The idea of applying a medical model, in which healthcare is customized based on a genetic understanding of the patient and their disease, is an ideal that may someday occur. We have had some success in the field of oncology, but we are not yet there with infectious diseases.
In the field of infectious disease identification, control and treatment — a field in which I have spent most of my career — we frequently have to apply more broad measures initially, and later narrow our focus once we have a better handle on the microbial “enemy.”

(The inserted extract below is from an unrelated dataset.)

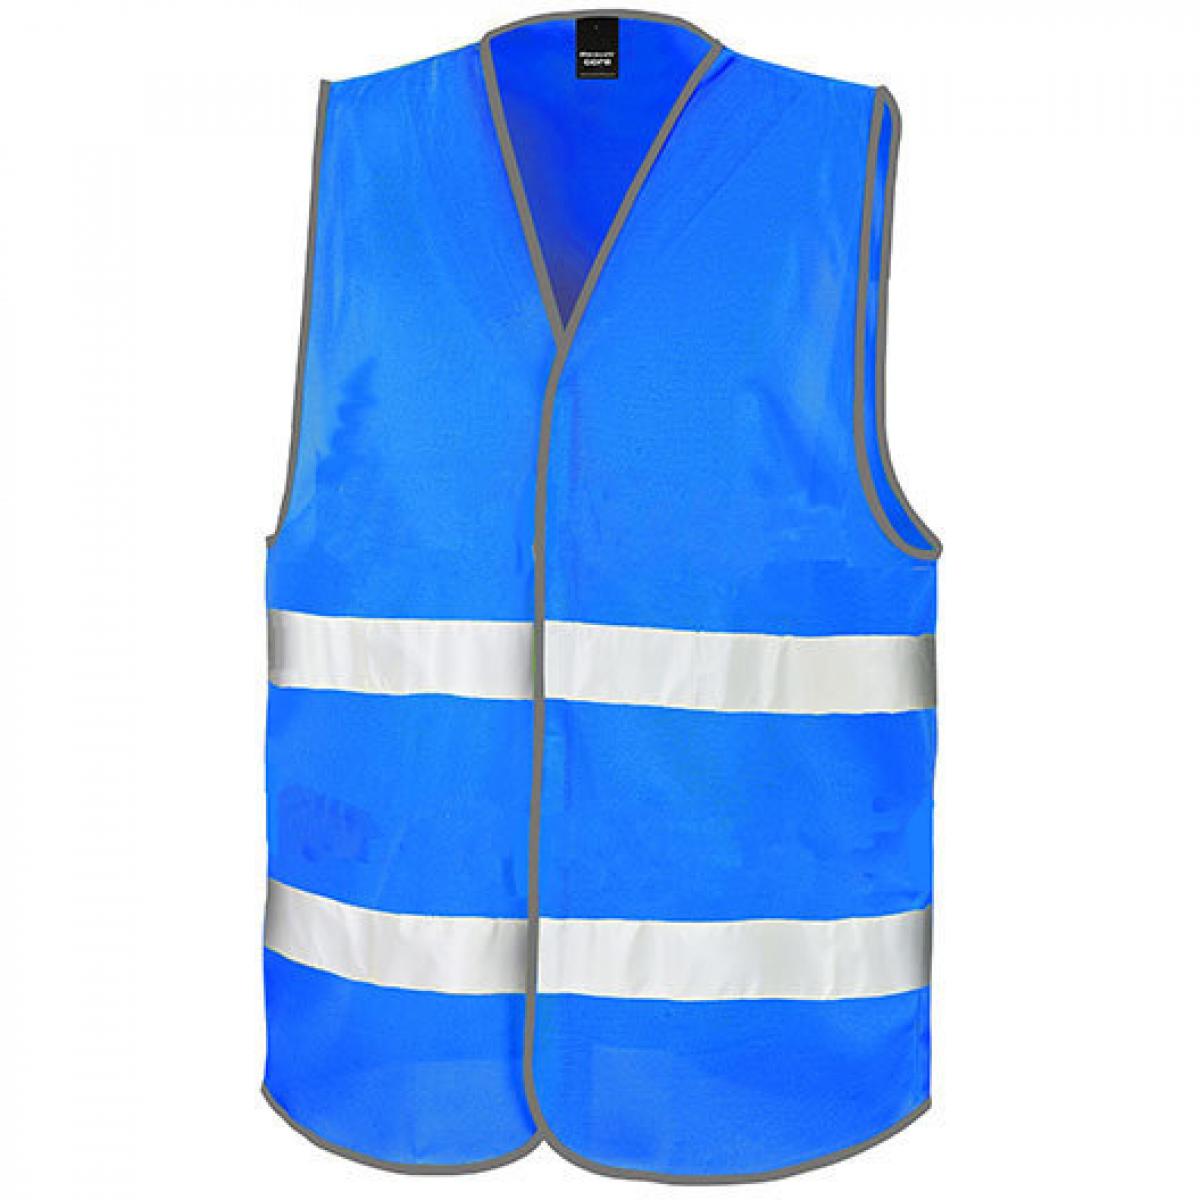 Hersteller: Result Core Herstellernummer: R200X Artikelbezeichnung: Motorist Safety Vest / ISOEN20471:2013, Klasse 2 Farbe: Royal
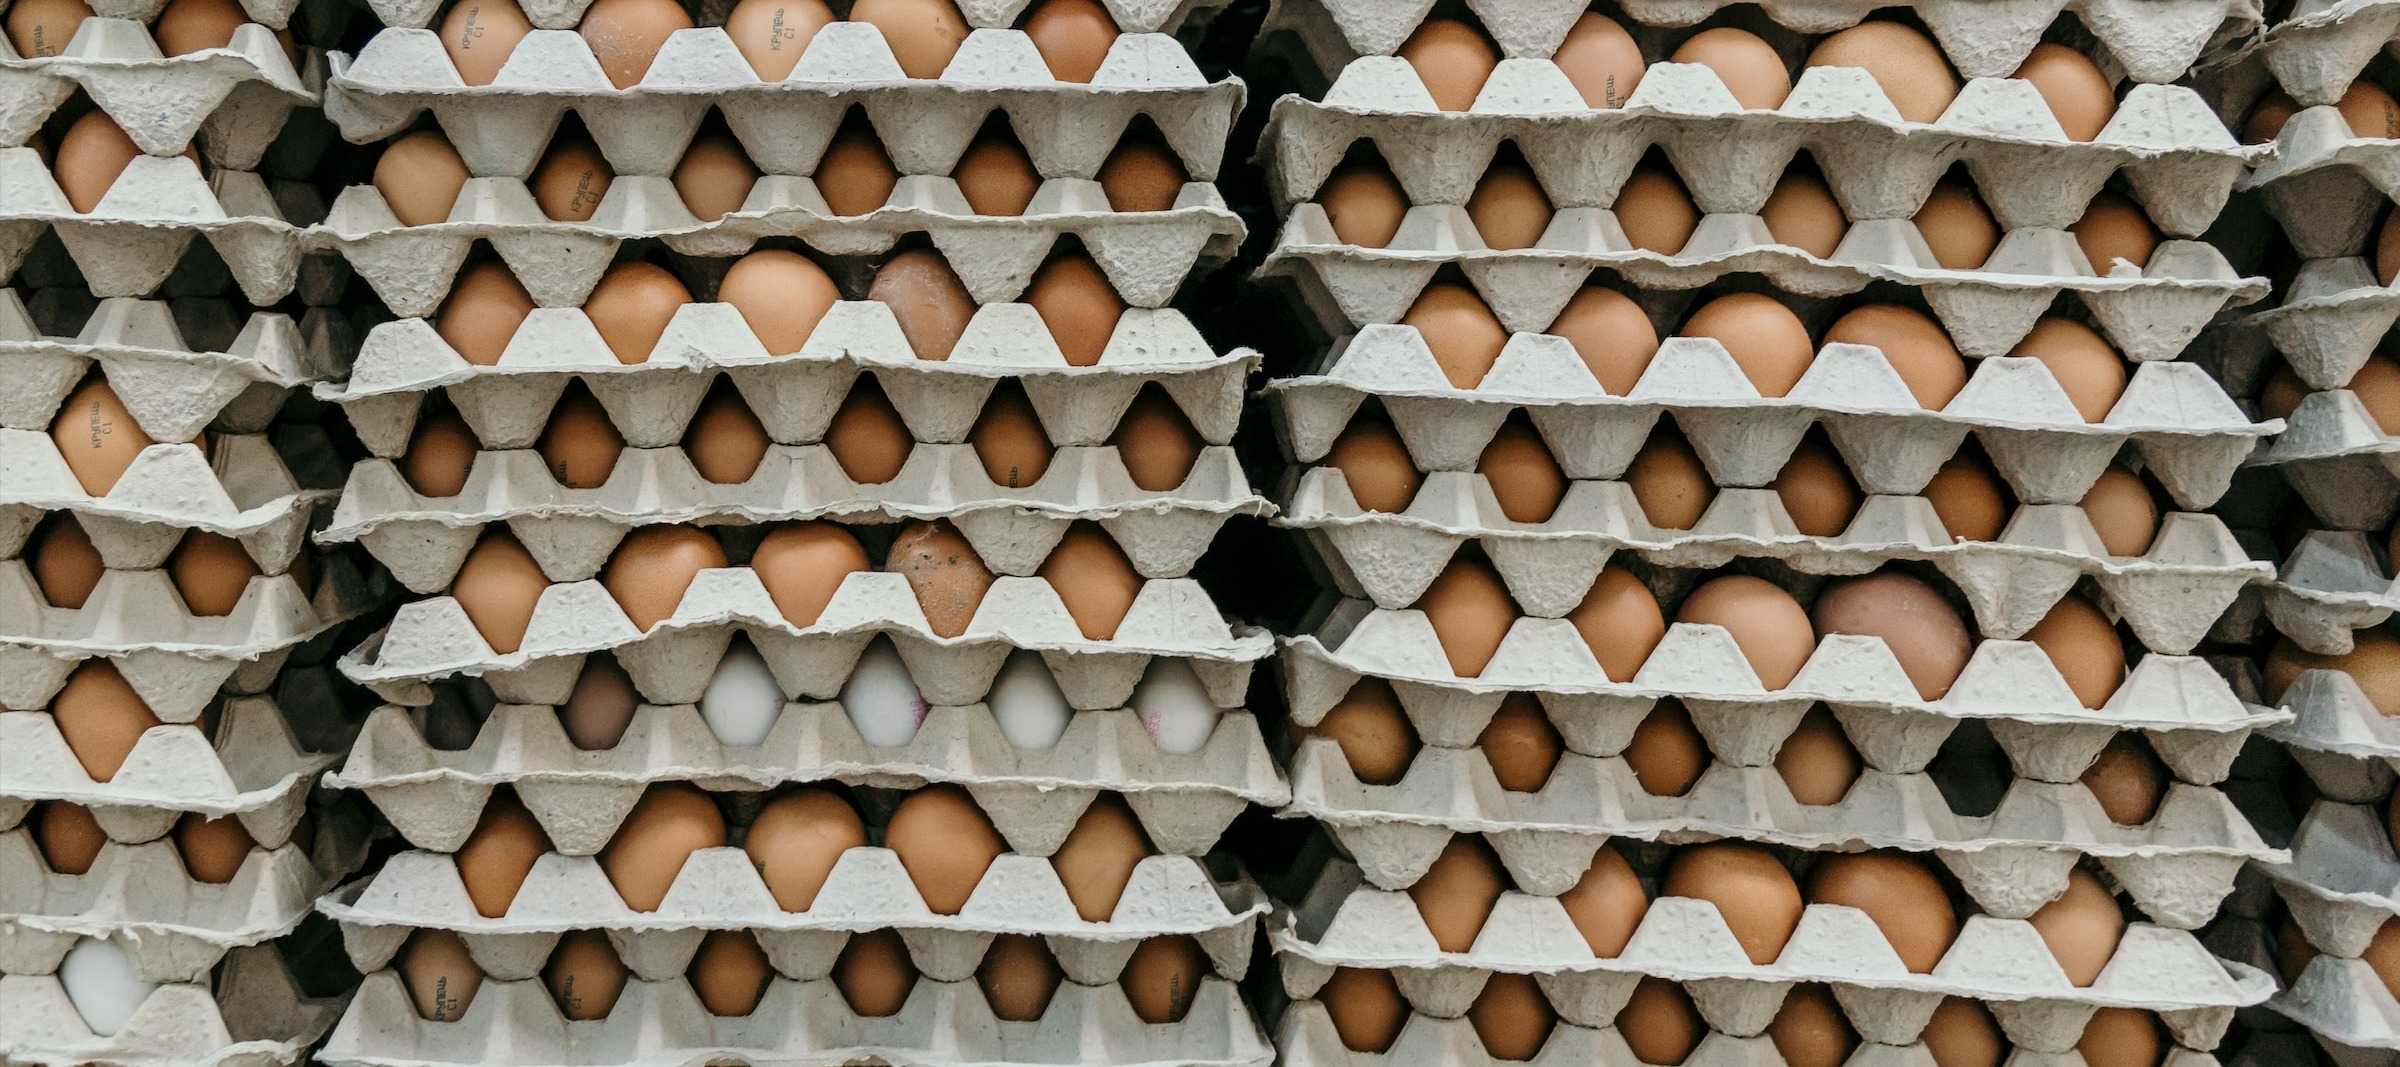 Фото новости: "На челябинской птицефабрике роботы будут укладывать коробки с яйцами"

The obsession for the precise over the general, while rooted in good intentions, can sometimes slow or stymie the response to a pathogenic threat.
For example, when we select antibiotics for a patient dying of sepsis, we routinely reach for a “big gun” general antibiotic initially, based on the patient’s symptoms and medical history, so as not to miss a specific treatable bacteria. Once our laboratory tests give us a diagnosis, we then narrow the antibiotic choice to more directly target the offending pathogen.
We now face a new pandemic threat, the novel coronavirus first identified in Wuhan, China, (aka “2019-nCoV”), which has now spread to more than 20 countries. General containment measures — such as quarantine of individuals who are not sick, which has been a staple of infectious disease control for centuries — is being used.
When we have a better understanding of when and how long infected patients can spread this new disease, we can apply more precise measures of control that can be more effective.
The 2019-nCoV is killing people at a rate of about 2 percent, but this likely represents the tip of the iceberg and is fairly typical early in an outbreak. The most infirm and the elderly are the ones who are at greatest risk of death. There are likely many more mildly ill patients, who are not yet being counted.
Once we have a full understanding of the numbers of those individuals, we may find that the death rate is much lower. This cycle of understanding repeats itself with each new infectious disease.
There are many types of medicines being used in China, and some are being tested in research studies to try to find the “magic bullet” treatment to slow the killing. The World Health Organization is similarly concerned and conferring with experts to prioritize among different potential treatments. Admirably, as word spread about this ailment governments and vaccine manufacturers across the world have sprung into action.
The problem is, there is no such thing as fast and easy vaccine development. It takes time and precision. By the time we have an effective, fully tested vaccine, we frequently have moved on to the next infectious disease crisis.
The only reason we had vaccines to test during the 2014-16 and 2018-20 Ebola virus outbreaks in West Africa and the Democratic Republic of Congo is we had been studying vaccines against Ebola for four decades. We have known about 2019-nCoV for mere weeks.
At a time like this, we need to also consider more general approaches that could be useful, before we can determine the precise treatment measures. As we saw with Ebola, even providing basic supportive care could be life-saving. As many well-intentioned scientists try to unlock the secrets of 2019-nCoV, we need to step back and adopt a similar view — are there less precise medical activities that could make a difference?
While precision can certainly yield benefits, it is not necessarily the only path we should be following.
As people die, and the illness spreads, our search for that silver bullet should not be standing in the way of our taking a more general approach.
Until we find the “magic bullet,” there are several types of “shotgun” approaches that could be applied. One to consider is to ask recovered patients to donate plasma that could be used as a potential therapy for the most severely ill. This was one of the first measures that was attempted for Ebola and it has been used for decades with new infectious diseases.
Another potential option being considered includes using drugs that have been considered for the treatment of other coronaviruses that caused severe disease, such as the Severe Acute Respiratory Syndrome (SARS) or Middle East Respiratory Syndrome (MERS). Use of such countermeasures is, appropriately so, being considered within the framework of scientific studies. Otherwise we won’t really know what helps and what potentially causes harm.
Another innovative, general approach was developed by a California company, ExThera Medical Corporation. That approach is designed to filter out pathogens circulating in the bloodstream. It does not discriminate between pathogens, but filters them out based on receptors on the pathogen’s surface.
Whether it might work for coronaviruses is unknown, and may depend on how much of the disease severity is related to organisms in the bloodstream versus organisms in the lung.
There are likely other types of general approaches that could be useful. Certainly, gaining a better understanding from physicians in China regarding their observations, and what basic treatments, such as fluids, ventilator management, etc., appear beneficial or harmful is key, because it may take some time for the “magic bullets” to catch up.
The patients deserve that, whether they are in Wuhan, Singapore or Chicago.